When you write out the listing, keep every character and omit the pictures.

==== Data segment ====

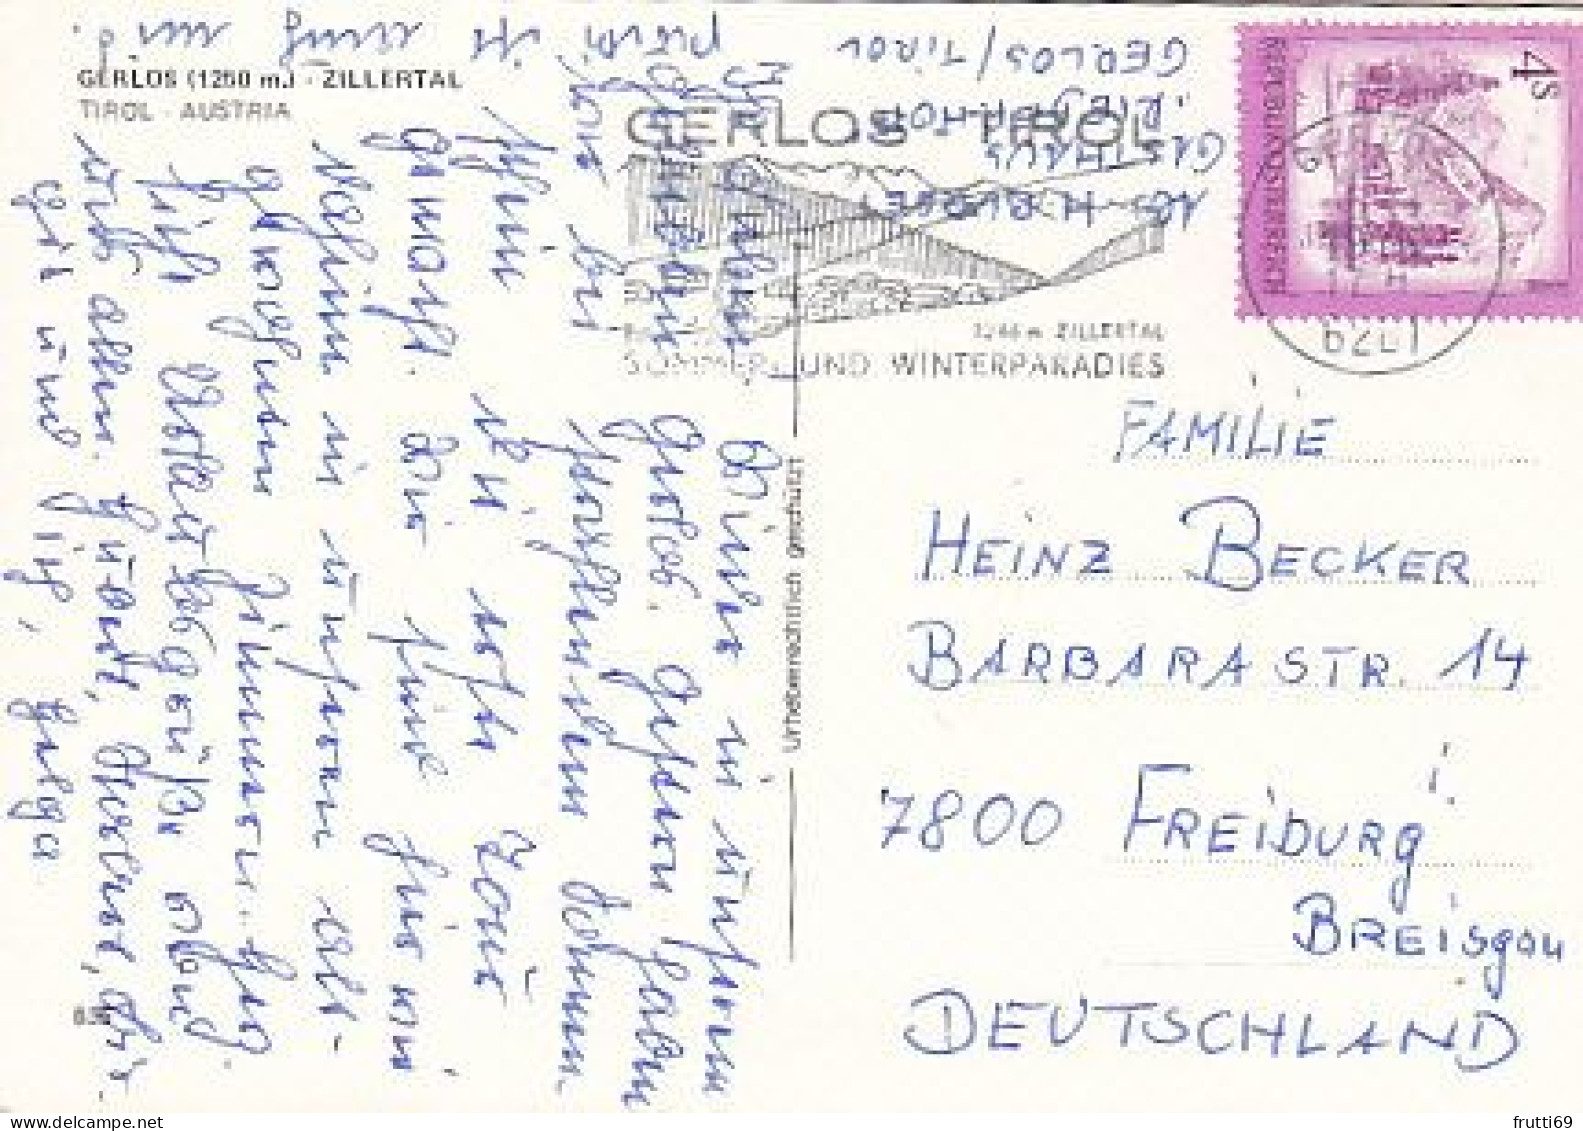 AK 174978 AUSTRIA - Hochtal Gerlos - Gerlos
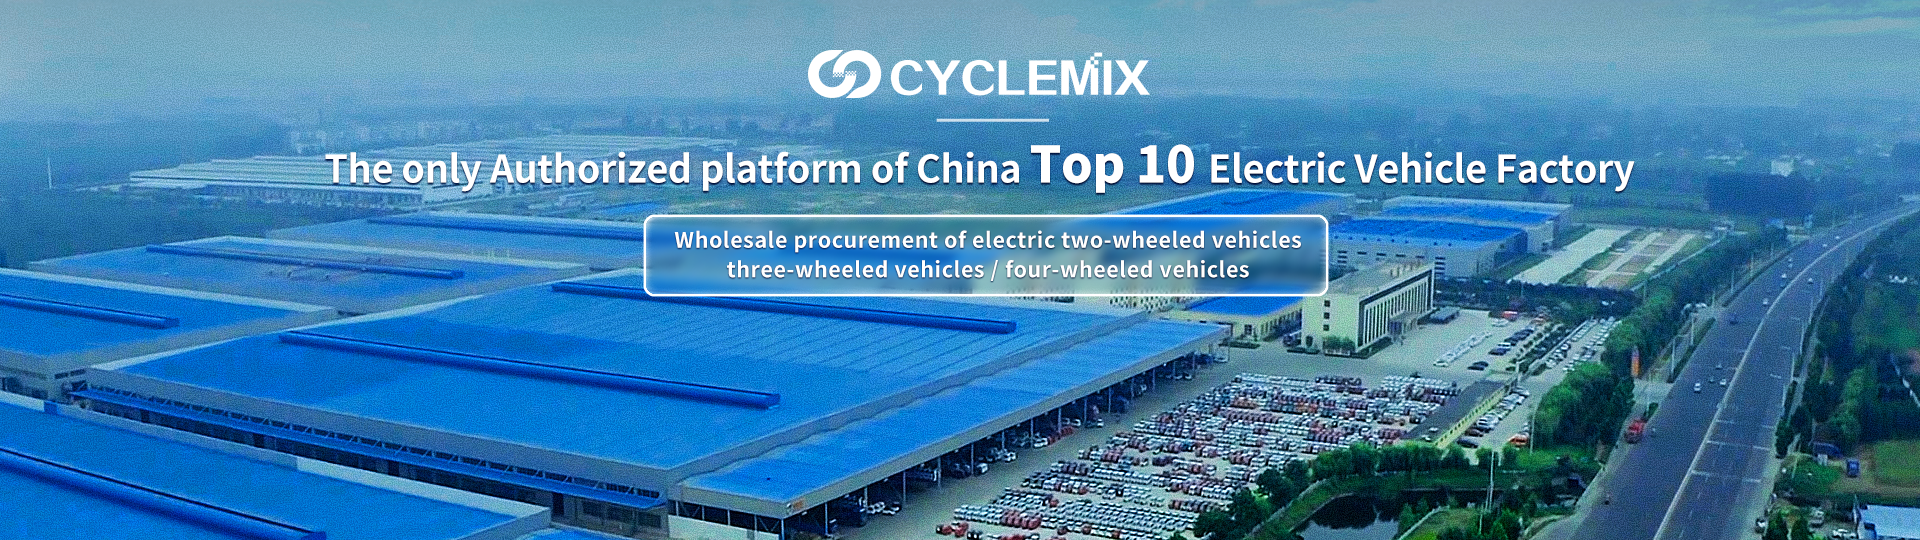 CYCLEMIX La única parte/plataforma autorizada de las 10 principales fábricas de vehículos eléctricos de China
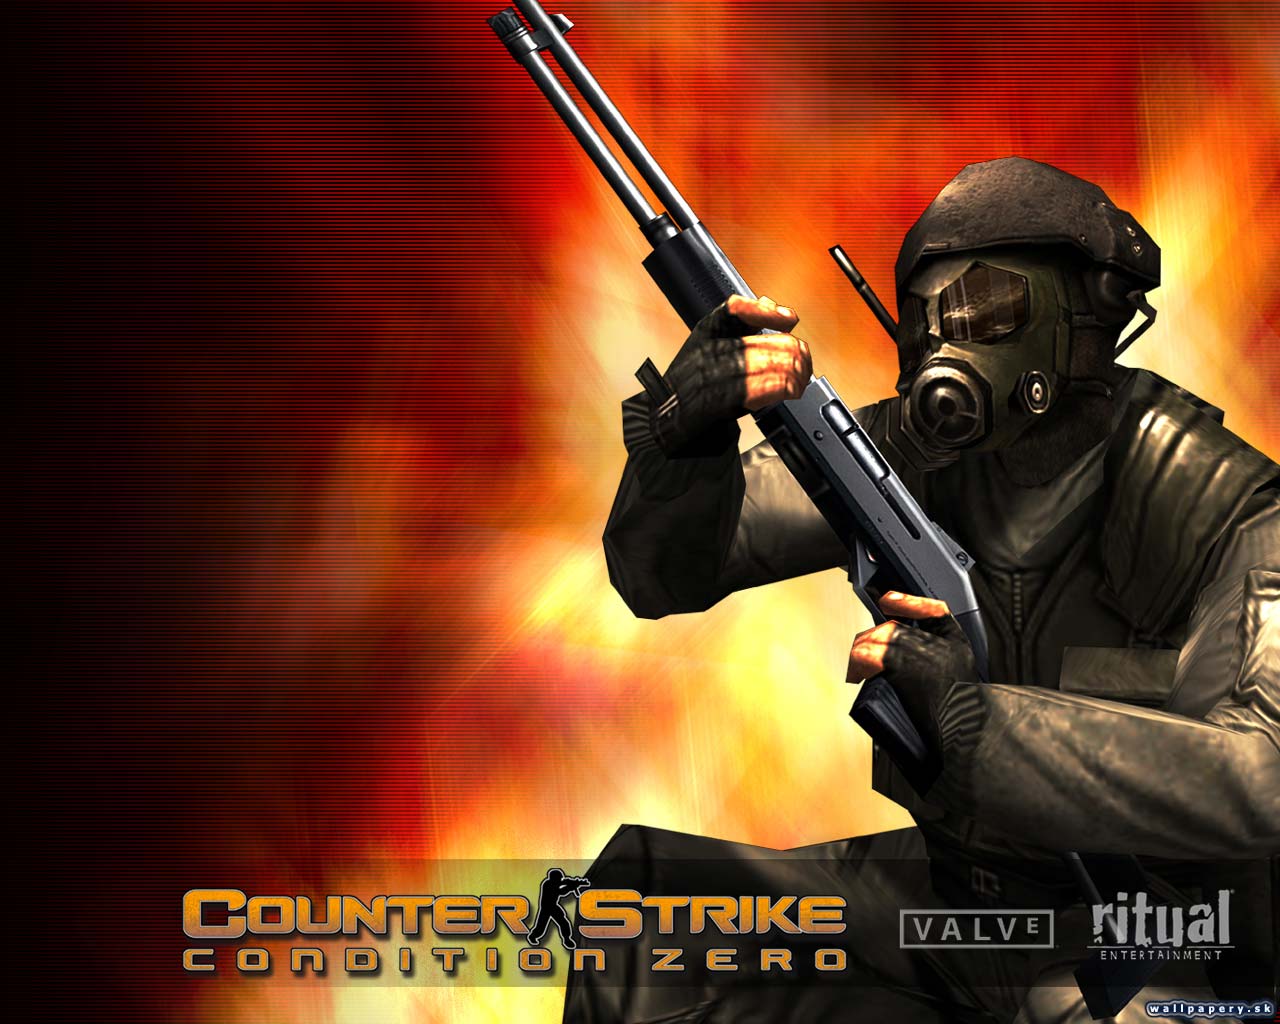 Картинки контр страйк. Counter-Strike, Counter-Strike: condition Zero. Counter Strike фото. Counter Strike иллюстрации. Counter Strike 1.6.

====

Solution for this task:
 AK 174978 AUSTRIA - Hochtal Gerlos - Gerlos
 CYCLEMIX La única parte/plataforma autorizada de las 10 principales fábricas de vehículos eléctricos de China
 Картинки контр страйк. Counter-Strike, Counter-Strike: condition Zero. Counter Strike фото. Counter Strike иллюстрации. Counter Strike 1.6.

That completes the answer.